Click on CUSTOM CREATE
and a new dialog box will appear in front of you to enter the name of your Active Directory.
The green check box in the DOMAIN NAME
denotes that the name you have chosen for your active directory is available. When done click the tick button or icon at the bottom right corner of the dialog box to create a new active directory.
After the creation of active directory is successfully completed, you can see the new created active directory in the list. Notice the ROLE
as Global Administrator
. Click on the active directory name to view the details. First, I am going to add a new user to the directory. When inside the active directory, click the USERS
which in the top of the page.
I can see a default user added to my new created active directory here which is my official Microsoft user. I cannot delete this user neither I can change much of the roles and other information of this user because it something which is being managed by Microsoft. So to add a new user, click the ADD USER
button at the bottom of the page. This will open up a dialog box which allows you to add or create a new user to the active directory. In my case I am going to add a normal user not an administrator, I will keep the the default prompts. The whole process of adding a new user will take 3 steps to complete.
In the next screen enter the details about the user. I want to add this user as a normal user hence I am selecting User
as a ROLE
.
In the last step, click the create
button to add a new user and generate a temporary password for the new user.
Make a note of this password somewhere as you will need it to log in to the account. After the first login, user is prompt to change the password.
To add a new application, click on the APPLICATION
link. Click the ADD
button at the bottom of the page to add a new application and then click Add an application my organization is developing
.
In the next step enter the name of the application and select the type of application you are building. In my case, it is a web application.
In the next step, you add a sign-in URL and app ID URI. The app ID URI I have added is in this format: http://<directoryname>.onmicrosoft.com/adauth
. Replace the directoryname
with your directory
name. The adauth
is the name of my application.
Once the adding of application is successful, click the USERS
link. I can see the new user I have created in the user lists but it is not being assigned to the application yet. To do that, click the ASSIGN
button at the bottom of the page and click YES
. The ASSIGNED
status will be changed from No
to Yes
.
The easy way to set the application up for AD authentication is to create a new “demo” application and select Change Authentication
from the new project dialog box. Select Work or School Accounts
and enter the domain name. This will create a new application with all the things set up for your domain. The reason I said “demo” application because I want to just get the changes that Visual Studio does it for me when I select the AD authentication. This application will now act like a sample application from where I can take the implementation and add it to my existing application.
Here are the changes I have made to my existing application. As of now my existing application does not have user authentication and now as I want to implement, I will add the account controller and two views which will handle the authentication. In my case this is the account controller, you can name the controller as per your choice. Add two new views in the Views
directory for your controller. Call them AccessDenied.cshtml
and SignedOut.cshtml
respectively.
Note that all the changes I am making to my existing application are exactly the same as the sample application.
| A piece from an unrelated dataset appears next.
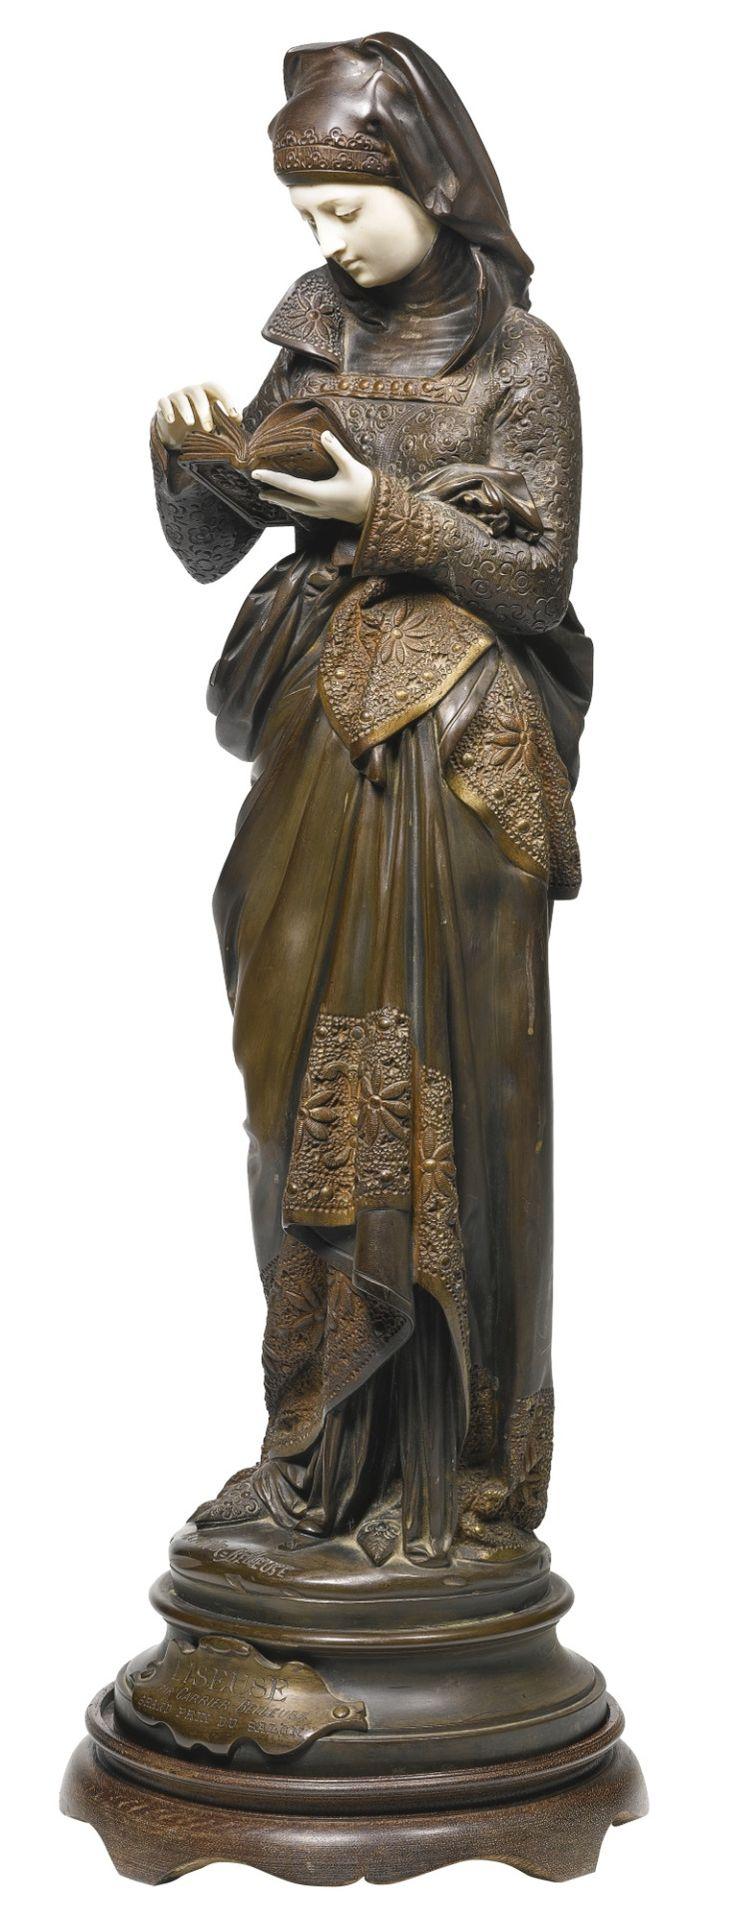 Albert-Ernest Carrier-Belleuse (1824-1887), La Liseuse.   http://41.media.tumblr.com/041761825120802c2ee836c67944284c/tumblr_nyooyvFMUZ1uvd0n3o1_1280.jpg

Code for AccessDenied.cshtml
view.
@{ ViewData["Title"] = "Access Denied"; } <header> <h1 class="text-danger">Access Denied.</h1> <p class="text-danger">You do not have access to this resource.</p> </header>
Code for SignedOut.cshtml
view.
@{ ViewData["Title"] = "Sign Out"; } <h2>@ViewData["Title"].</h2> <p class="text-success">You have successfully signed out.</p>
Add below NuGet packages for AD authentication support in the application.
Install-Package Microsoft.AspNetCore.Authentication Install-Package Microsoft.AspNetCore.Authentication.Cookies Install-Package Microsoft.AspNetCore.Authentication.OpenIdConnect
In the .NET Core project, you will also see a new file called appsettings.json
. Add the below configuration to it. Your configuration will than mine.
"Authentication": { "AzureAd": { "ClientId": "0d9h56ba-ccfd-42f2-9a75-64d8e96756e6", "AadInstance": "https://login.microsoftonline.com/", "CallbackPath": "/signin-oidc", "Domain": "dominicdomain.onmicrosoft.com", "TenantId": "d58e5363-f09c-4d65-9808-cd88396529f0" } }
In the Startup.cs
file, configure the request pipeline by adding the below code in the Configure
method. I have added this code just after the UseStaticFiles()
functions. This enables the application to use the cookie authentication and OpenId authentication.
app.UseCookieAuthentication(); app.UseOpenIdConnectAuthentication(new OpenIdConnectOptions { ClientId = Configuration["Authentication:AzureAd:ClientId"], Authority = Configuration["Authentication:AzureAd:AADInstance"] + Configuration["Authentication:AzureAd:TenantId"], CallbackPath = Configuration["Authentication:AzureAd:CallbackPath"] });
In the ConfigureServices
method, add the below code.
services.AddAuthentication(options => options.SignInScheme = CookieAuthenticationDefaults.AuthenticationScheme);
In the AccountController.cs
, add the below code.
[HttpGet] public IActionResult SignIn() { return Challenge( new AuthenticationProperties { RedirectUri = "/" }, OpenIdConnectDefaults.AuthenticationScheme); } [HttpGet] public IActionResult SignOut() { var callbackUrl = Url.Action(nameof(SignedOut), "Account", values: null, protocol: Request.Scheme); return SignOut(new AuthenticationProperties { RedirectUri = callbackUrl }, CookieAuthenticationDefaults.AuthenticationScheme, OpenIdConnectDefaults.AuthenticationScheme); } [HttpGet] public IActionResult SignedOut() { if (HttpContext.User.Identity.IsAuthenticated) { return RedirectToAction(nameof(HomeController.Index), "Home"); } return View(); } [HttpGet] public IActionResult AccessDenied() { return View(); }
Add a new partial view in the Shared
folder and name it _LoginPartial.cshtml
just like we have in new default scaffold project.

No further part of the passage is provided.